ESMA & BaFin critical on ICOs

Recent statements by ESMA and BaFin stress the high risks associated with ICOs. Investors should be aware of the total loss risk and that investor protection measures might not apply because ICOs often are not subject to existing rules and regulations.

16 November 2017

Publication

On 15 November 2017, the German supervisory authority (BaFin) issued a warning on initial coin offerings (ICOs). According to BaFin, ICOs are highly speculative investments that often are not subject to applicable regulatory provisions. Investors of ICOs therefore do not benefit from protection provided by regulation. The BaFin position is fully in line with the European Securities and Markets Authority (ESMA) statements of 13 November 2017.

ICO is a new development of venture capital within the space of blockchain technology. There are two basic types of ICOs: i) program code (Smart Contracts) that is recorded on an existing blockchain and ii) creation of various blockchains and virtual currencies. Both types of ICOs generate digital tokens. These tokens are sold in exchange for other virtual currencies or for fiat money in unregulated public offerings (Token Sale).

BaFin highlights the lack of regulation of ICOs. Local securities laws do not apply to them. Therefore, shareholder rights, information rights,  rights of control and voting rights are not essential features of an ICO token. The issuer of ICOs has full discretion over the rights and claims attached to the issued token or coin. The documentation - whitepapers, terms and conditions - supporting such a token sale are not subject to any law or regulatory provisions and the supervisory authorities have not reviewed the completeness of their content. Neither does the law require a specific type of enterprise nor the existence of a business operation in order to issue tokens under an ICO.

The risks for investors therefore derive from the lack of regulation of ICOs. The investor should be aware of the possibility of a total loss of their investment, the high fluctuation risk of the tokens and the limited tradability of the tokens on secondary markets, which for themselves are unregulated. In addition, the investor is responsible to keep the private keys safe in order to prevent loss or theft of the acquired tokens.

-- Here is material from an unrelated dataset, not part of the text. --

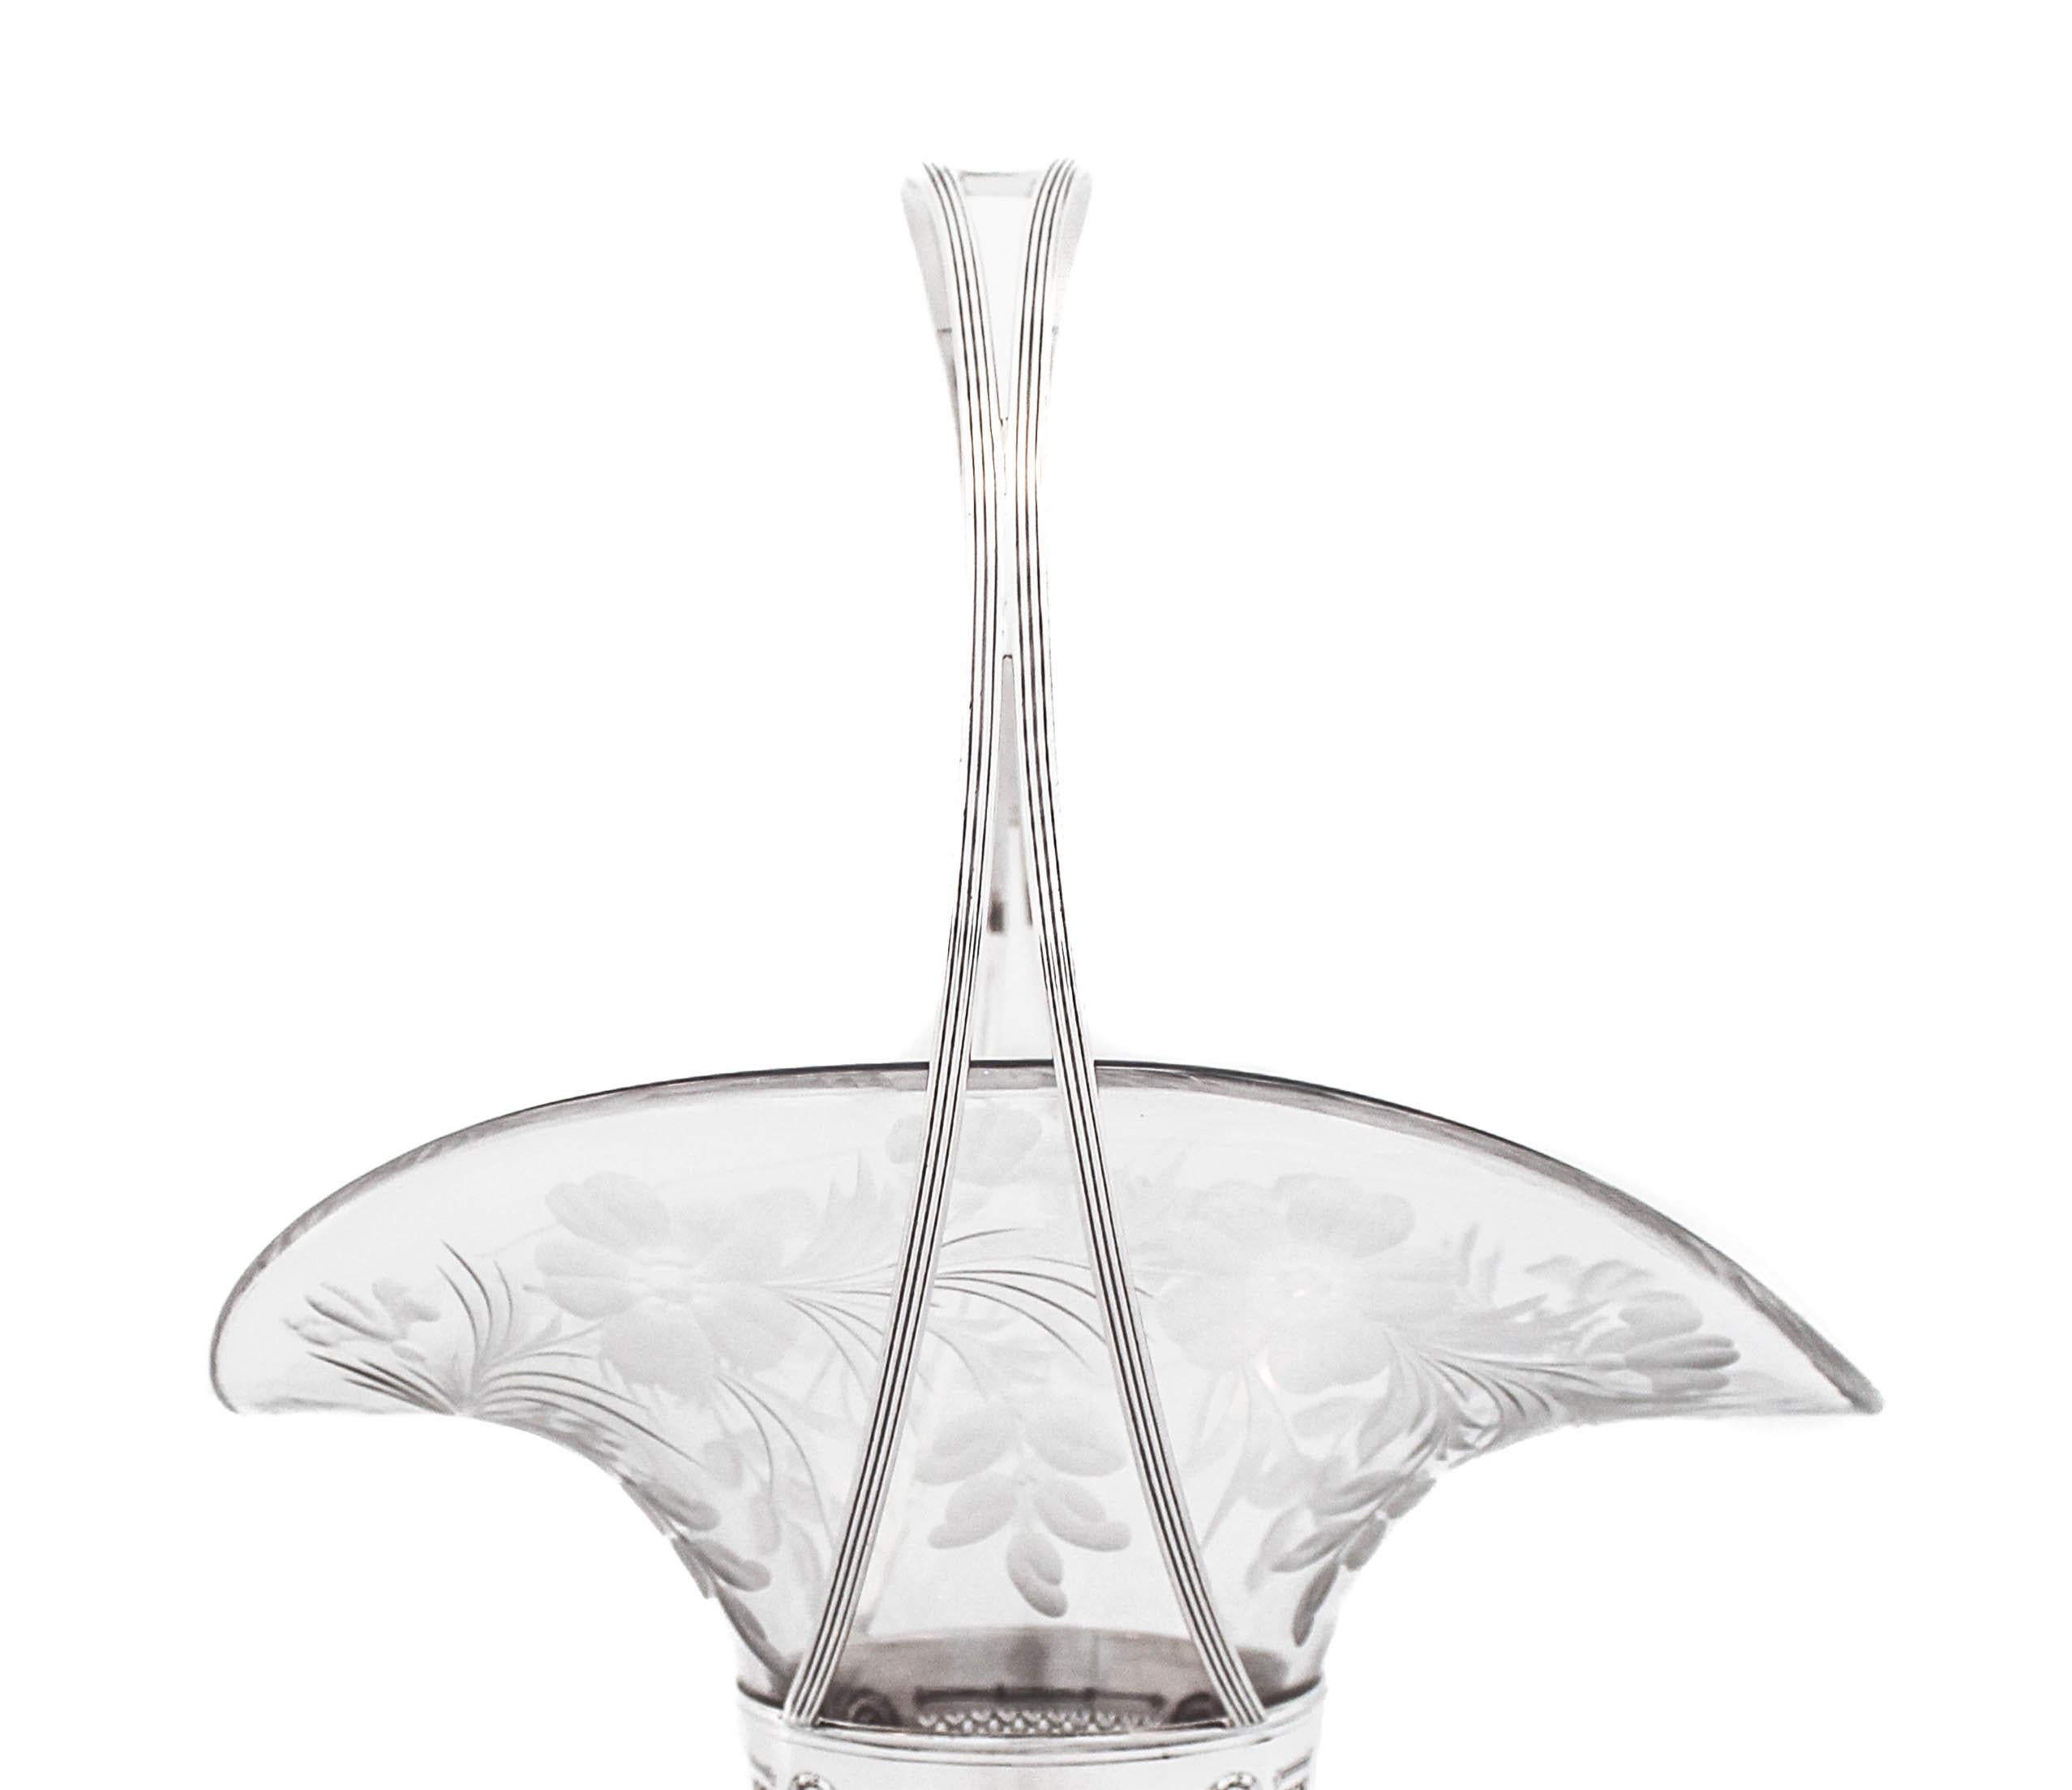 Nous vous proposons un vase en argent sterling avec anse (panier) fabriqué par Dominick and Haff de New York.  Il est doté d'une doublure en verre d'origine de forme ovale avec un motif floral gravé à l'acide.  La partie supérieure de l'argent est

Because of the high complexity of the underlying technology, only experts are able to review the program code of the smart contracts and thus verify the functionality of the respective token as described in the issuer documentation. In absence of any applicable investor protection measures, the investors are left to only rely on the whitepaper or terms and conditions, which are drafted and can be amended at any time within the full discretion by the issuer of the ICO alone. Because of the pseudonymity of the tokens, the identity of the issuer is not determinable. ICO activities therefore are vulnerable to fraud, money laundering and terrorist financing.

Investors of ICOs should therefore duly investigate the identity, integrity and creditworthiness of the issuer of the ICO. Furthermore, they should check the registered office, legal status, date of foundation, involved persons and capital resources of the ICO issuer. For instance, the registration as a foundation in Switzerland does not per se indicate that the ICO is subject to regulation.

This BaFin announcement follows another BaFin consumer protection warning of the preceding week concerning the identical topic. The BaFin position is fully in line with the ESMA view on ICOs expressed in two recent statements highlighting the risks of investments in ICOs and the existing rules applicable to ICOs.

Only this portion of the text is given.